By Brian RhodesiBerkshires Staff

ADAMS, Mass. — As renovations to the former Memorial School Building wrap up, the Board of Selectmen has decided to dissolve the subcommittee that worked toward reuse of the former middle school. 


"So over the many years after the board appointed this subcommittee, I believe it is time to put an end to this subcommittee," said Selectmen Chairman John Duval. 


The board voted to dissolve the subcommittee on Wednesday as the building moves toward a tentative re-opening for public use in the spring. Eight years after its formation, Duval said the subcommittee has finally completed the goal it set out to achieve. 


Once renovations are complete, the facility will become the center of operations for the Adams Council on Aging and several spaces will be opened for public use. Additionally, the Selectmen chose developer Wayland North late last year to develop parts of the facility into commercial and residential space.  


The Public Works and Facilities Subcommittee has taken the responsibility of determining the usage and policy surrounding public use of the building, which was  discussed at its meeting on Jan. 13. At that meeting, Town Administrator Jay Green said May is the target for re-opening but the exact time will depend on several factors, including moving and completing other aspects of the facility like bathrooms. 


"If we can get more work done first before anybody goes in there, I think, logistically, that's the better solution," he said. "But we're very early in those stages."


The fee structure and other usage guidelines for the building are still to be determined. Green said the gymnasium is nearly ready for use, barring the installation of covers for thermostats and wall fixtures. 


"Right now, that is the one primary thing that is keeping us from being able to really allow use of that gymnasium," he said. "They're on order. They're being paid attention to as soon as we can get those in and get those secured. The risk of damage to those and against substantial cost in money, I think is too much." 


Green said even when cover installs are complete, he thinks it would be best to not open the facility for public use until the weather is better. He said facilities staff needs time to adjust to maintaining the building, which would be hard when they have other town buildings to manage. 


"They haven't been going over to memorial at all during inclement weather because the building is not open to the public," he said. "So if we were to open that building, let's say those cages come in tomorrow and we put those up, I would still not necessarily recommend that we do that." 


Additionally, Green said the town has to complete the work necessary to secure parts of the building from public access. He said this is necessary to prevent those using the building from entering the private development spaces. 


"We have a developer who is negotiating with the town to develop it," he said. "And we want to make sure that we have the ability to keep anyone who is using the building out of those spaces. So that's ongoing, almost complete." 


The auditorium, Green said, is one area of the building that is not currently ready for public use. He said the use of the auditorium is pending an update on its heating, ventilation and air-conditioning systems. 

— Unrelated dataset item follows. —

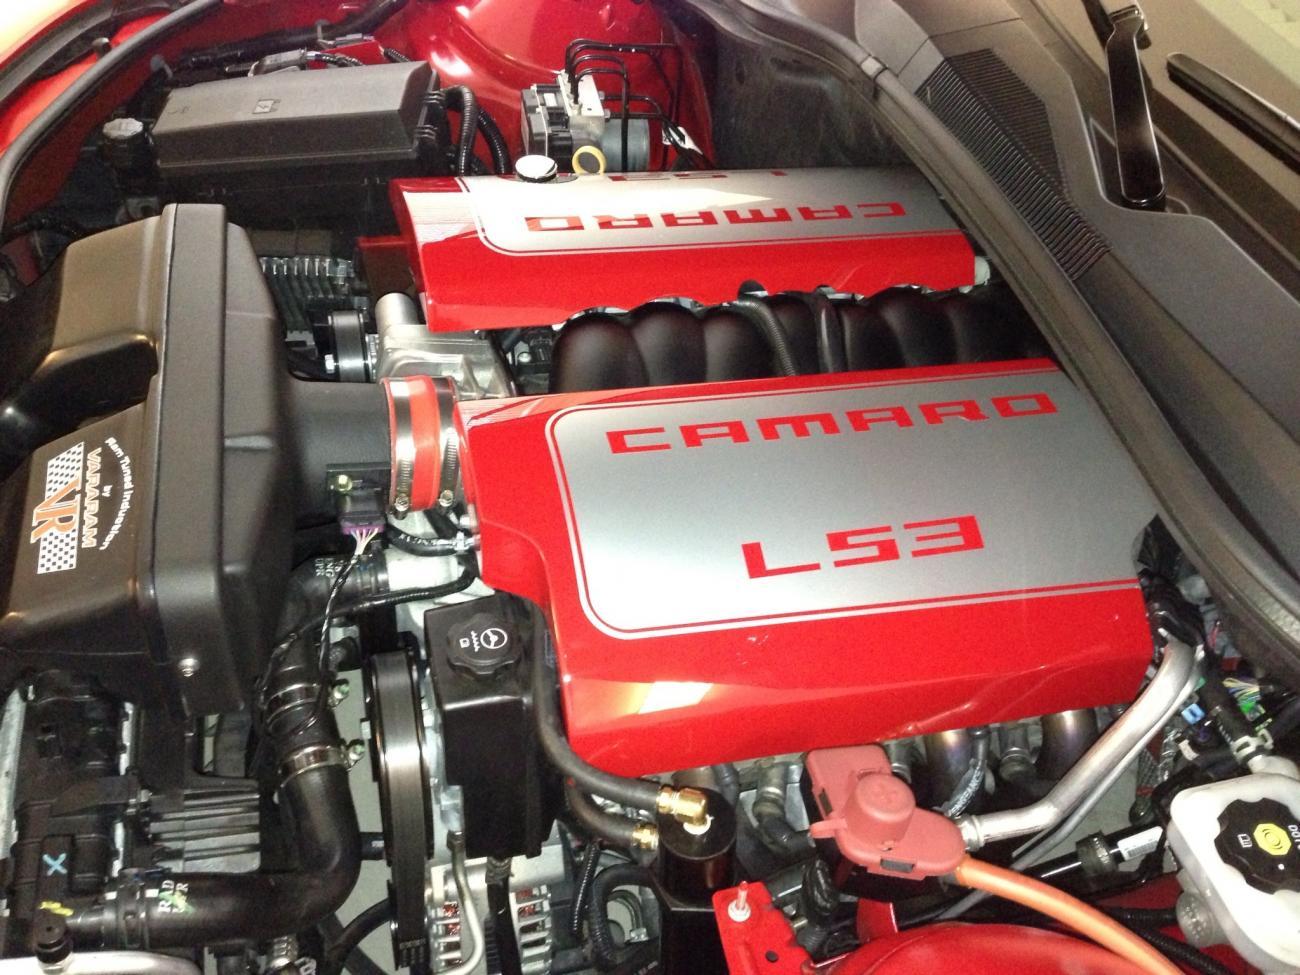 Ls3 Engine Cover Camaro5 Chevy Camaro Forum Camaro Zl1

"The auditorium does not have HVAC," he said. "It is not air-conditioned, it is not heated because the original heating plant for the building has been decommissioned. So that is a future capital project for the town to come up with a plan to provide the same air conditioning heat that the lobby, gymnasium and Council on Aging function spaces have." 


Green said coming up with use guidelines and a schedule for the building will be a significant priority once it is opened for public use again. He said the town needs to work with the COA and others using the building to keep the facility organized and ready for whoever needs to use it. 


"If they know the building is going to be used that evening for basketball practice or something, they're going to have to clean their stuff up," he said. "So it'll just require some day-to-day management."